## EXERCISE REQUIREMENTS
Exactly as written, return all the data, leaving its pictures behind.
─── SOURCE DATA
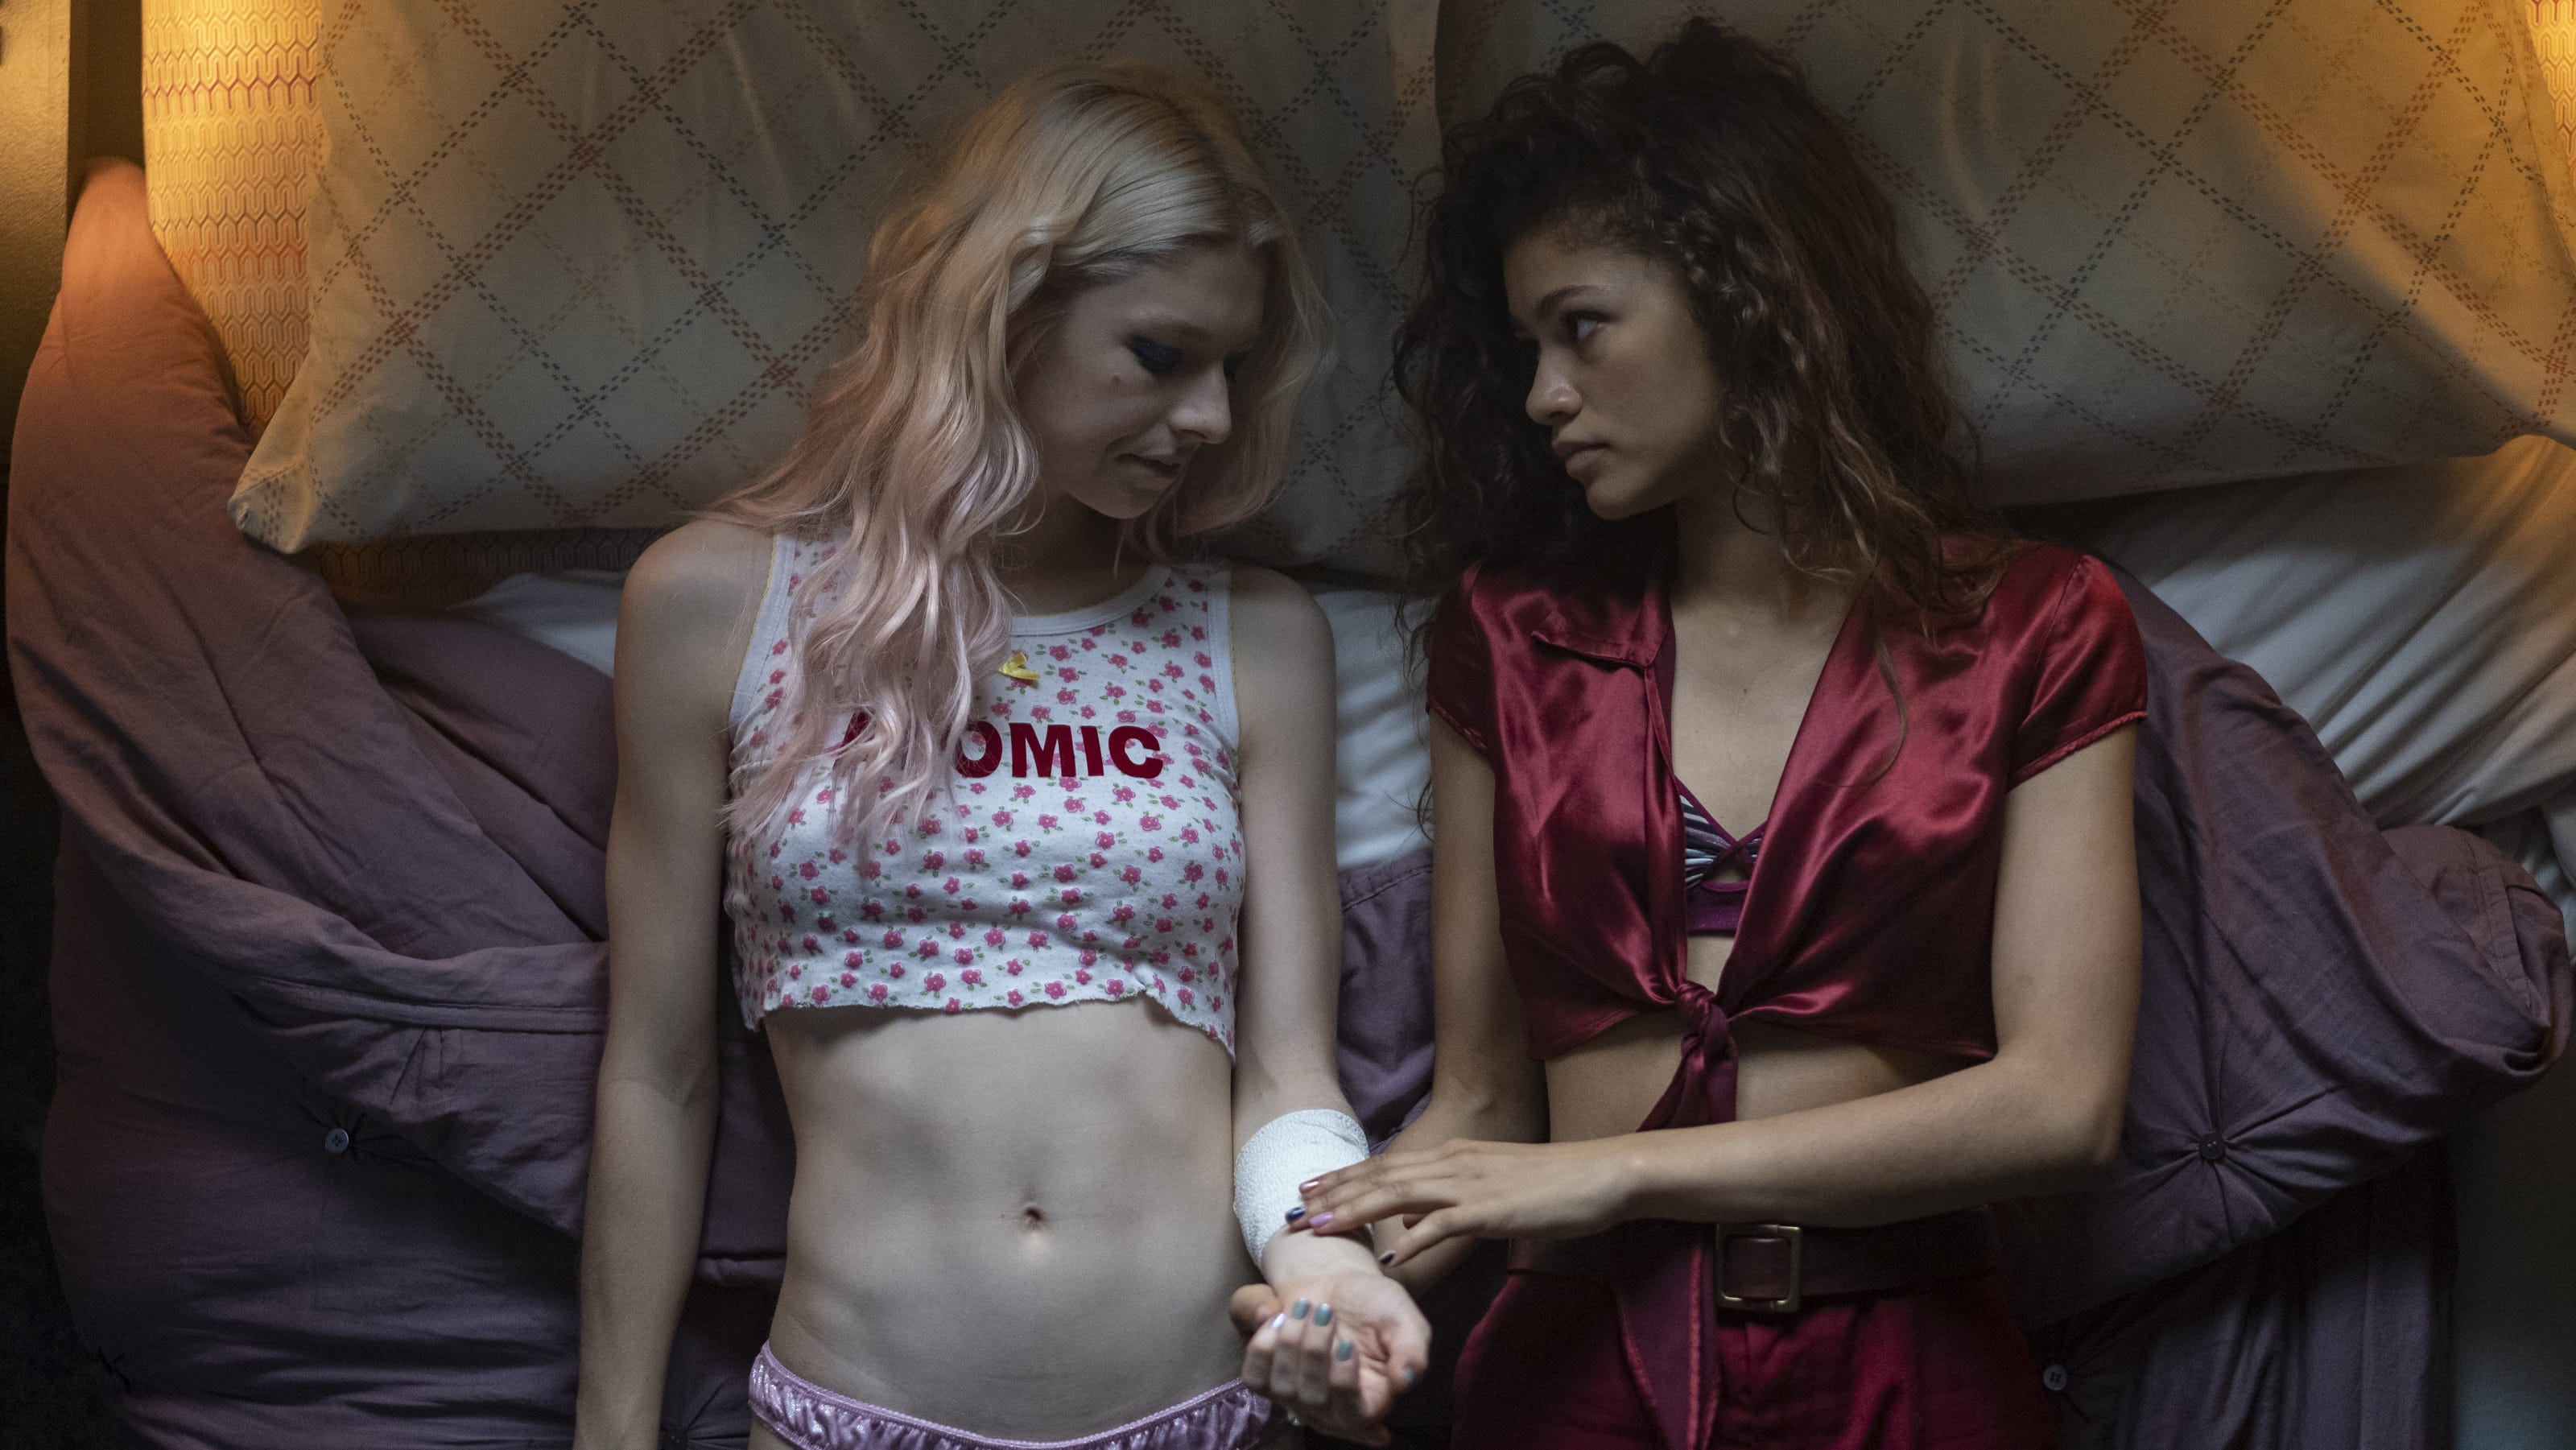 Are YA shows too explicit? 'Euphoria' director defends graphic sex
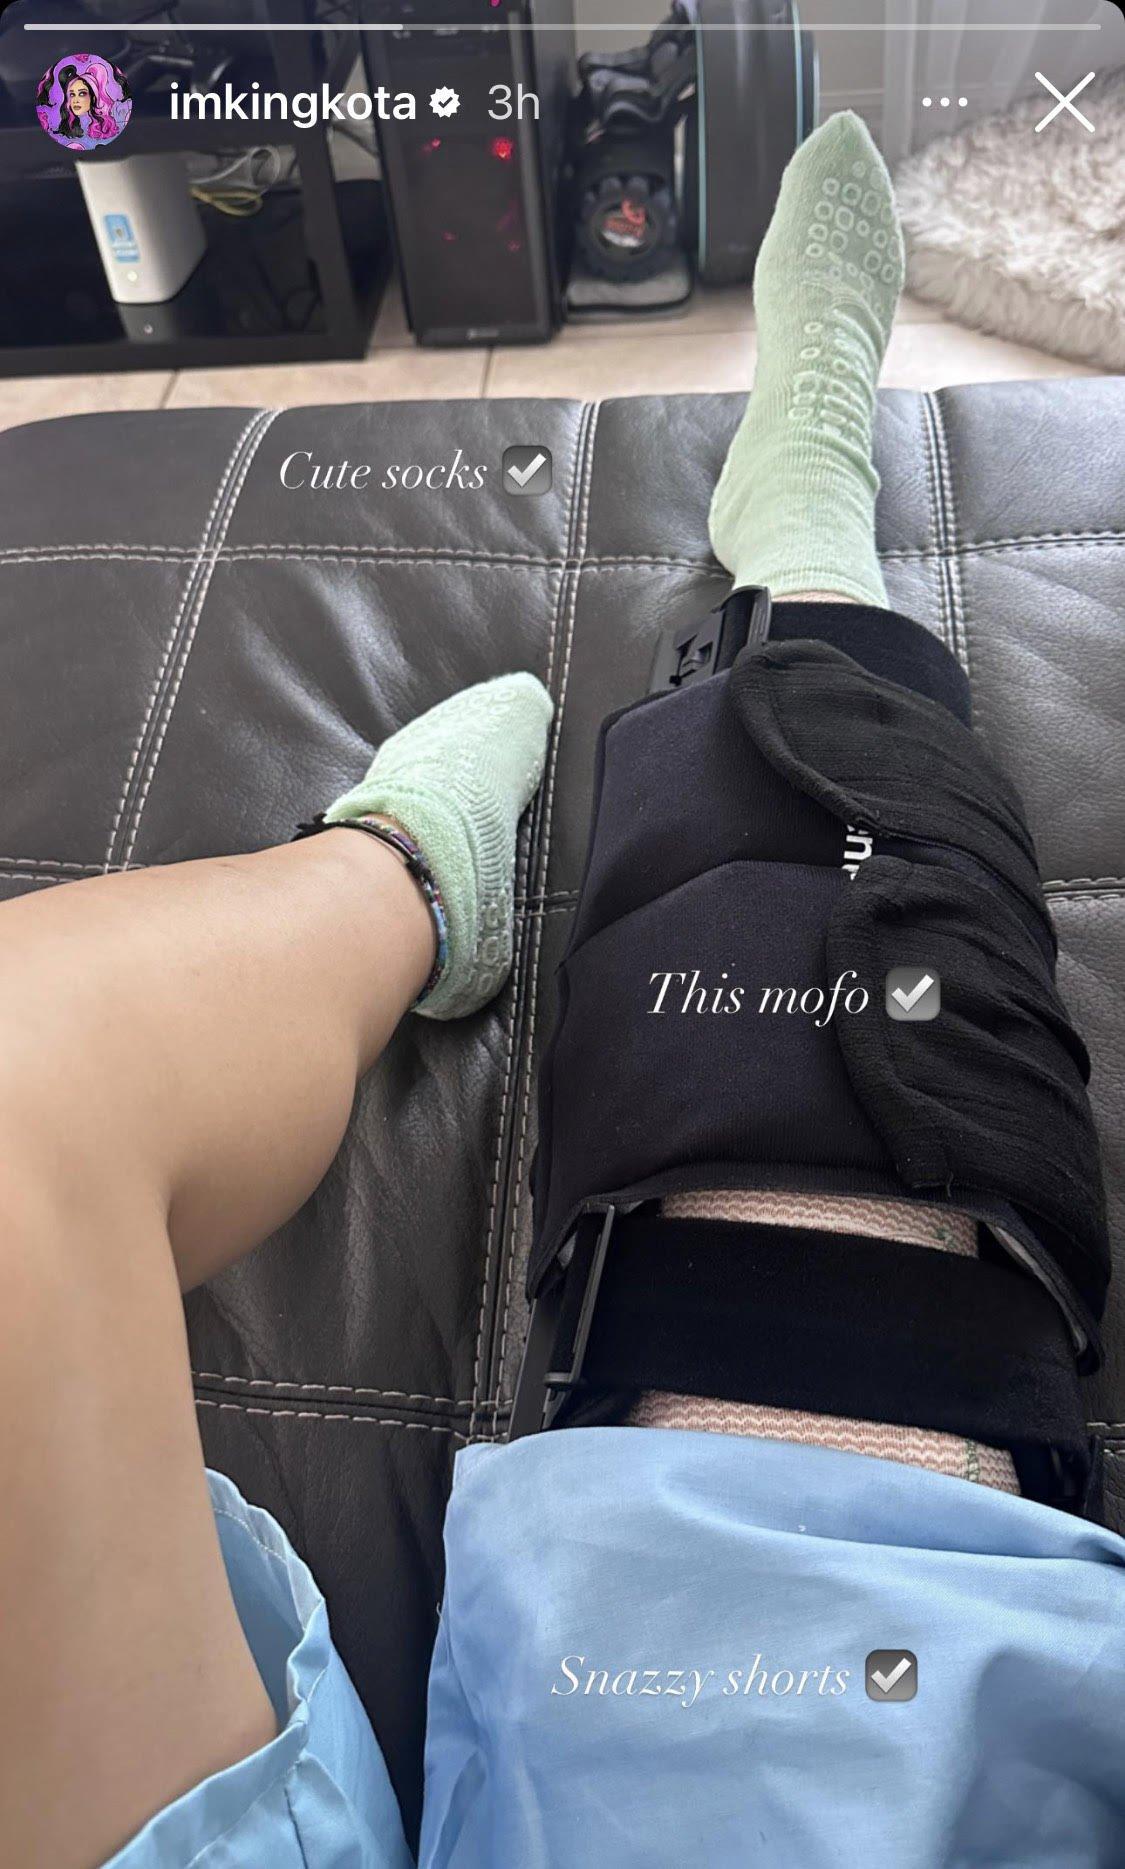 Dakota shared a photo to her Instagram Story of her knee post-ACL surgery on May 23, 2023.
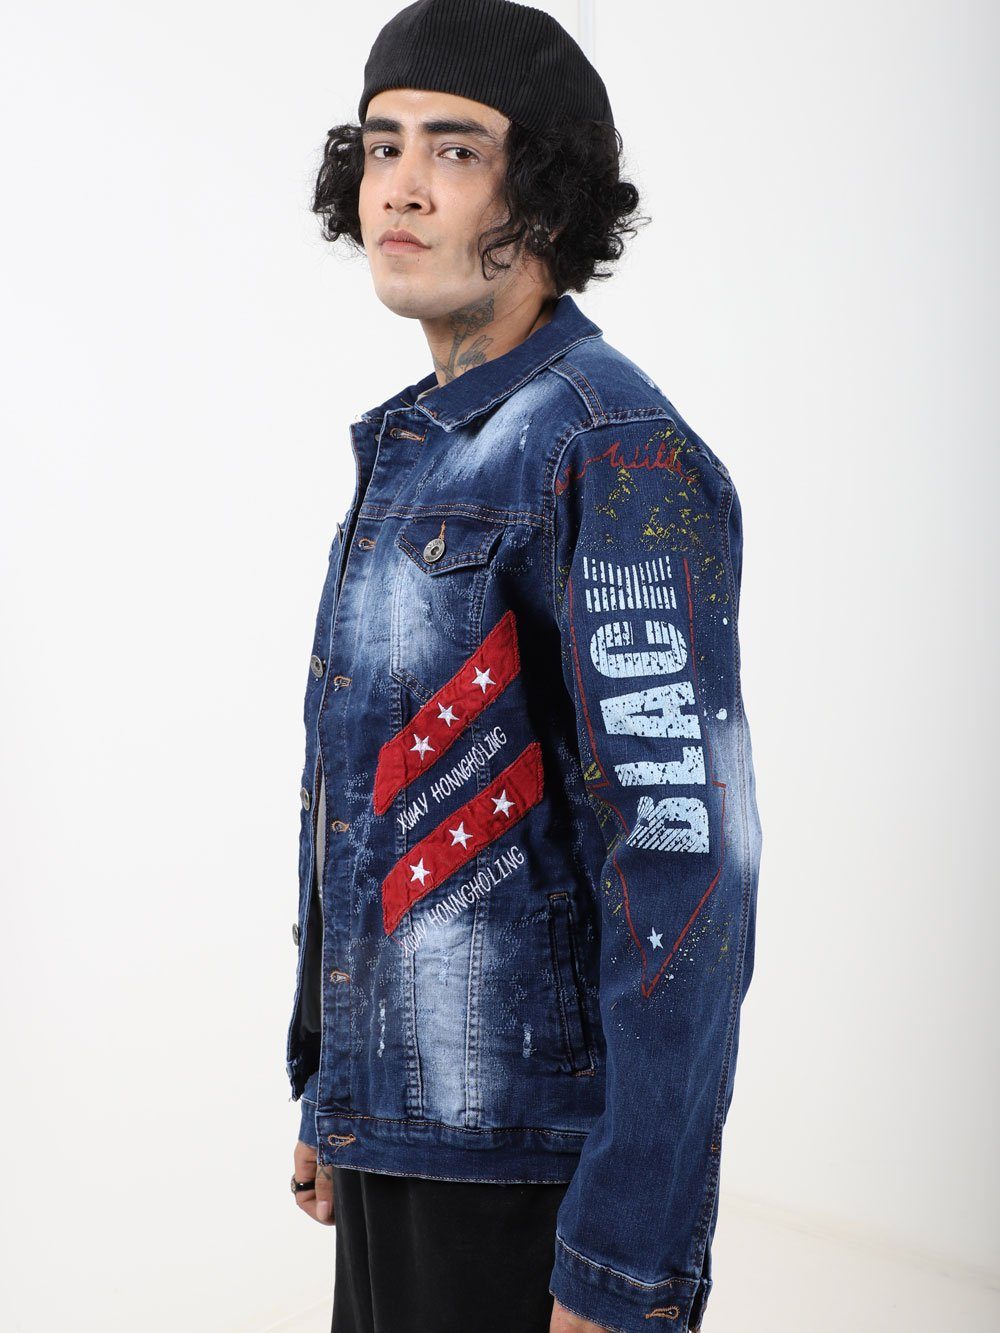 A man wearing an OLD PAINTING denim jacket with stars and stripes on it.
──────
## EXPECTED ANSWER
 Are YA shows too explicit? 'Euphoria' director defends graphic sex
 Dakota shared a photo to her Instagram Story of her knee post-ACL surgery on May 23, 2023.
 A man wearing an OLD PAINTING denim jacket with stars and stripes on it.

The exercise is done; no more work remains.